The extending direction of the mold may be at least one of the arrangement direction of the pair of short sides and the arrangement direction of the pair of long side portions. Normally, the arrangement direction of the pair of short sides is called the width direction of the cast steel, and the arrangement direction of the pair of long side portions is called the thickness direction of the cast steel S.

Thus, at least one of the upper and lower insertion members 111 and 112 is moved in the horizontal direction in at least one direction of the arrangement direction of the pair of short sides and the arrangement direction of the pair of long sides to form the upper insertion hole 111h Closed or open. In other words, at least one of the upper and lower charging members 111 and 112 may be horizontally moved in at least one of the width direction and the thickness direction of the casting, thereby closing or opening the upper charging hole 111h.

As shown in FIG. 6, the first and second loading portions 110a and 110b according to the embodiment of the present invention are installed in both directions with respect to the nozzle 22 as a center. Each of the first charging part 110a and the second charging part 110b is formed so that the opposite side of the short side of the mold 30 is parallel to the short side and the opposite side of the long side of the mold 30 is the long side And the side opposite to the nozzle 22 may also be in parallel with the short side of the mold 30. [

However, the present invention is not limited to this, and the first and second dosing sections 110a and 110b may be configured such that at least a part of the side opposite to the nozzle 22 corresponds to the shape of the nozzle 22 Lt; / RTI > More specifically, the side facing the nozzle 22 on the side opposite to the nozzle 22 in the first and second loading portions 110a and 110b may be in a shape that matches the outer diameter of the nozzle 22 . For example, when the nozzle 22 is in a cylindrical shape, the side opposite to the nozzle 22 on the side opposite to the nozzle 22 in the first and second loading portions 110a and 110b is formed as a concave curved surface .

The input unit 100 may further include two input units in addition to the two first and second input units. That is, as in the modification shown in FIG. 8, the direction in which the first loading portion 110a and the second loading portion 110b are disposed is intersected with the first loading portion 110a and the second loading portion 110b, The third and fourth charging units 110c and 110d may be installed around the nozzle 11. [ In other words, the third and fourth loading portions 110c and 110d are positioned between the first loading portion 110a and the second loading portion 110b, and are positioned in both directions with respect to the nozzle 22, The first charging part 110a and the second charging part 110b intersect with the pair of short sides of the mold 30 so that the first charging part 110a and the second charging part 110b intersect the first charging part 110a and the second charging part 110b, The third input portion 110c and the fourth input portion 110d are arranged in the arrangement direction of the pair of long side portions of the mold 30 (or in the extending direction of the short side portion) do.
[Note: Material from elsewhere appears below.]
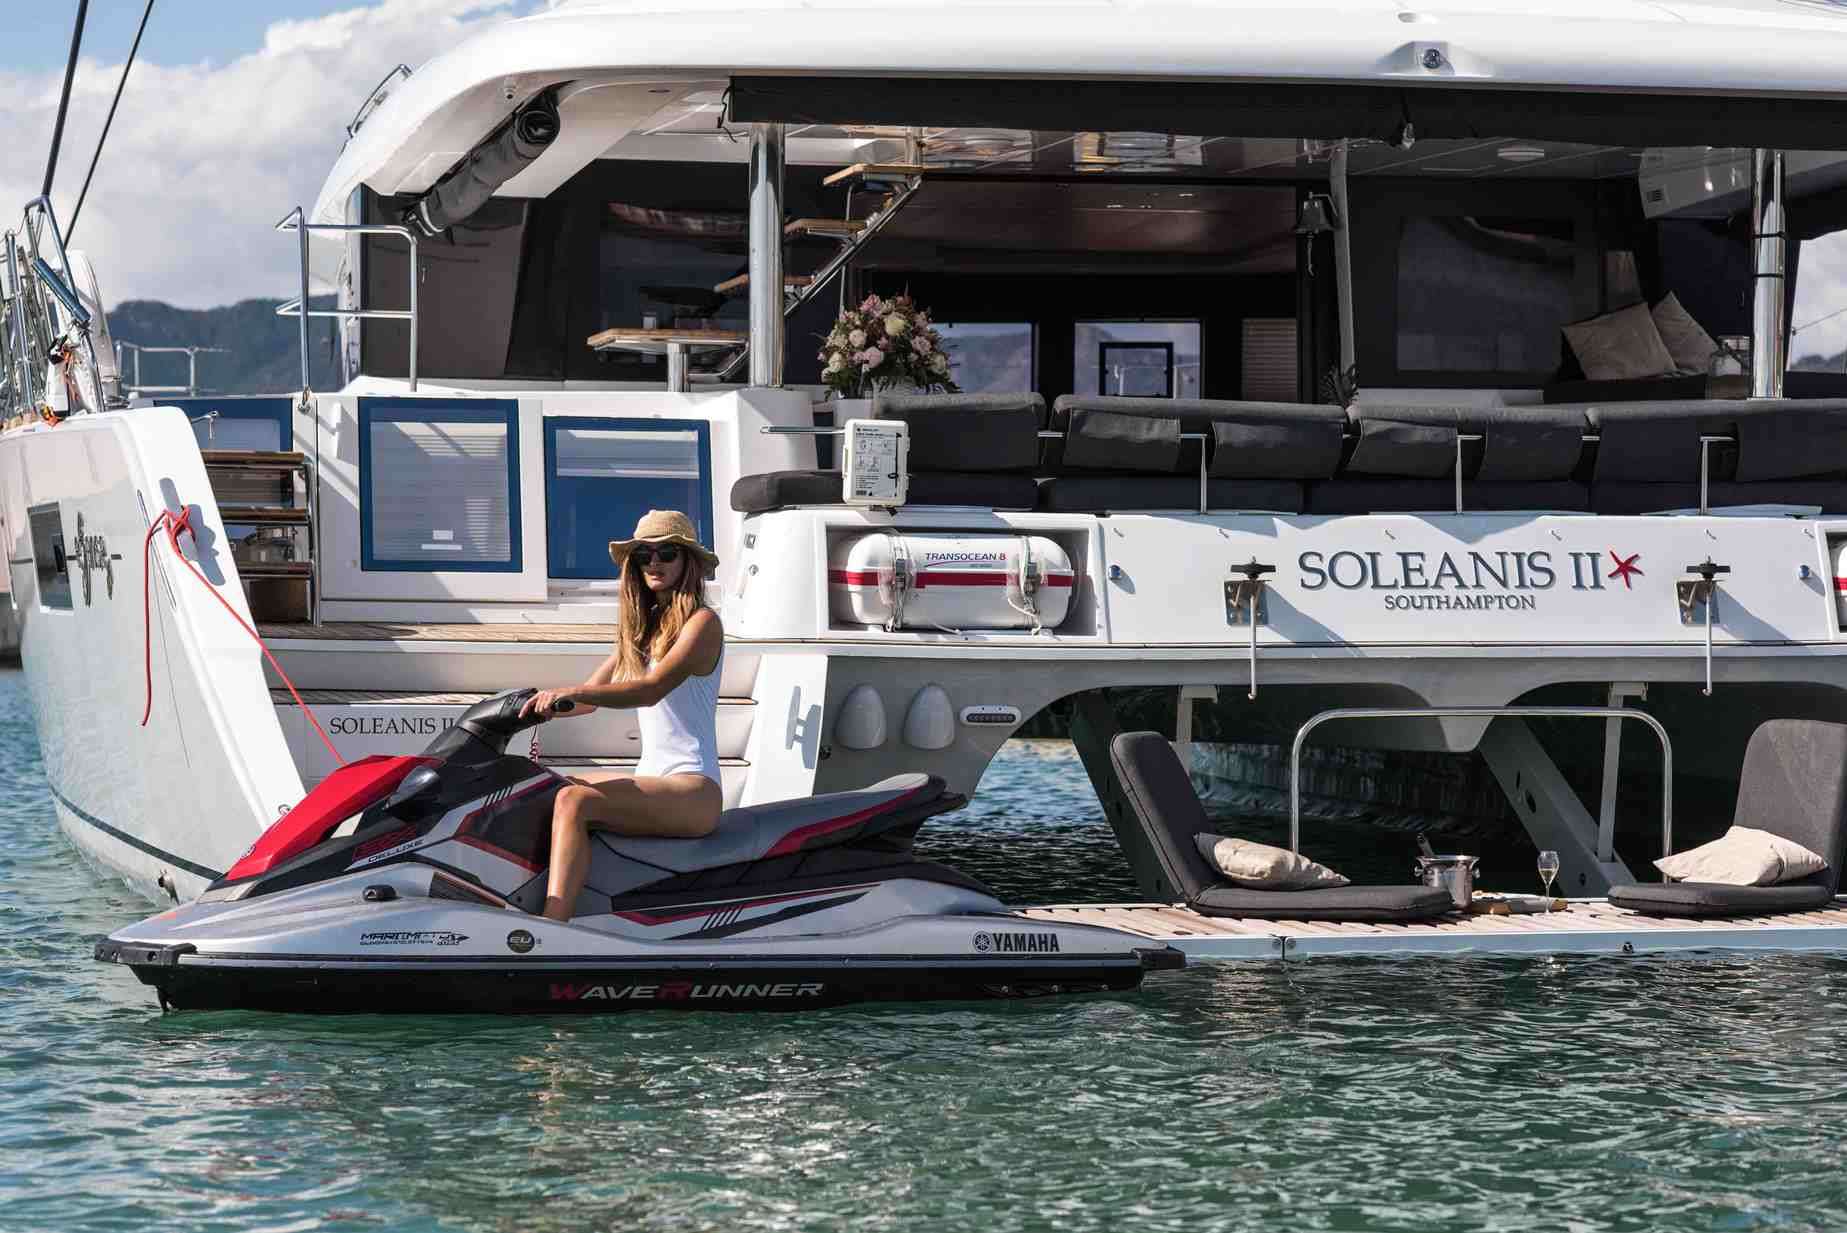 Soleanis II - Yacht Charter Lavagna & Boat hire in Fr. Riviera & Tyrrhenian Sea 4
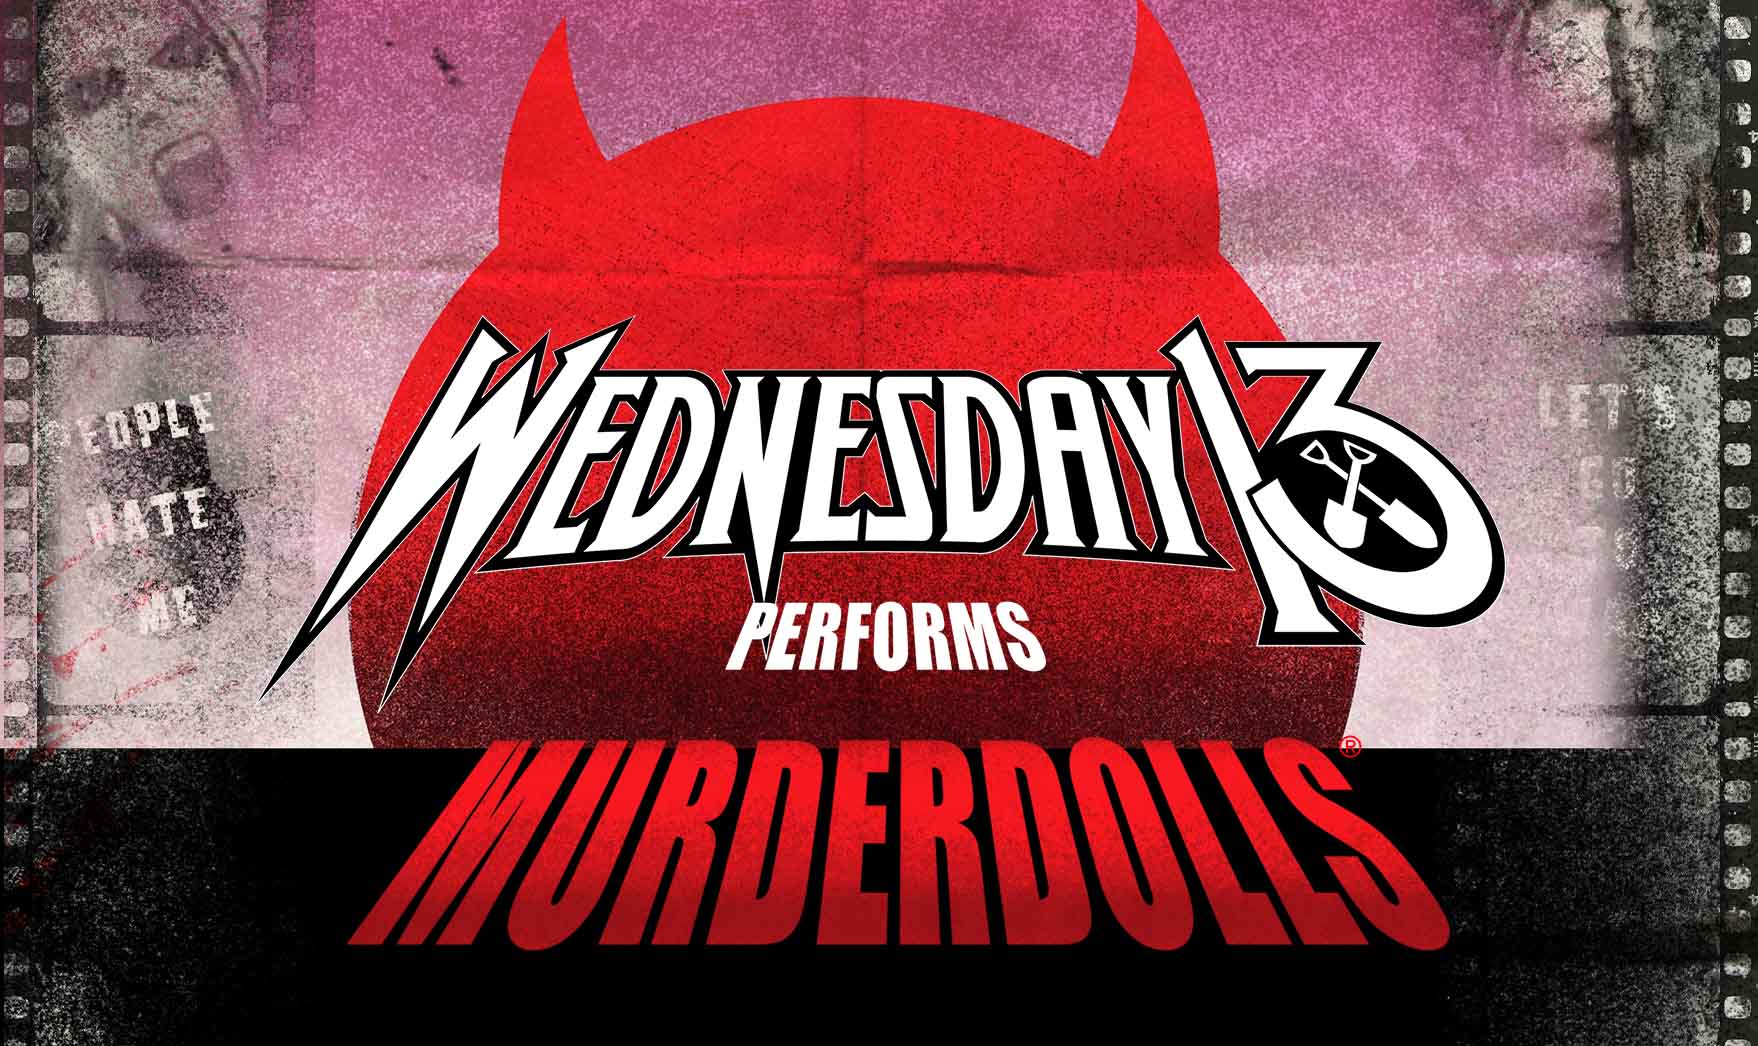 Wednesday 13 Performing Murderdolls en Manchester Club Academy Tickets

The driving unit 120 (120a, 120b) moves at least one of the upper and lower input members 112 horizontally. The driving unit 120 (120a, 120b) according to the embodiment may be means for moving the lower insertion member 112 horizontally. The drive unit 120 is connected to the lower end of the drive member 121 and the other end of the drive member 121 is connected to the lower insertion member 112 and is movable forward and backward in the extending direction of the mold 30. [ And a driving source 122 for providing a forward and backward driving force. The lower insertion member 112 is horizontally moved by the forward or backward movement of the driving member 121 according to the operation of the driving source 122 so that the lower insertion hole 112h is positioned just below the upper insertion hole 111h (Closed), or the lower injection hole 112h can not be positioned (closed) immediately below the upper injection hole 111h.

In the above description, the driving unit 120 (120a, 120b) is configured to move the lower insertion member 112 horizontally. However, the present invention is not limited thereto, and the driving unit 120 (120a, 120b) may be configured to horizontally move the upper insertion member 111. [ That is, the driving member 121 may be configured to be connected to the upper input member 111.

Also, the driving unit 120 (120a, 120b) may be configured to horizontally move both the upper and lower input members 111, 112. For this purpose, the driving unit 120 (120a, 120b) may include an upper driving unit for moving the upper input member 111 and a lower driving unit for moving the lower driving member 121, 121 and a driving source 122.

When the raw material is discharged from the hopper 140 to the charging unit 110, the driving unit may swing the entire charging unit 110 in the left-right direction to uniformly spread the raw materials loaded on the upper charging member 111 .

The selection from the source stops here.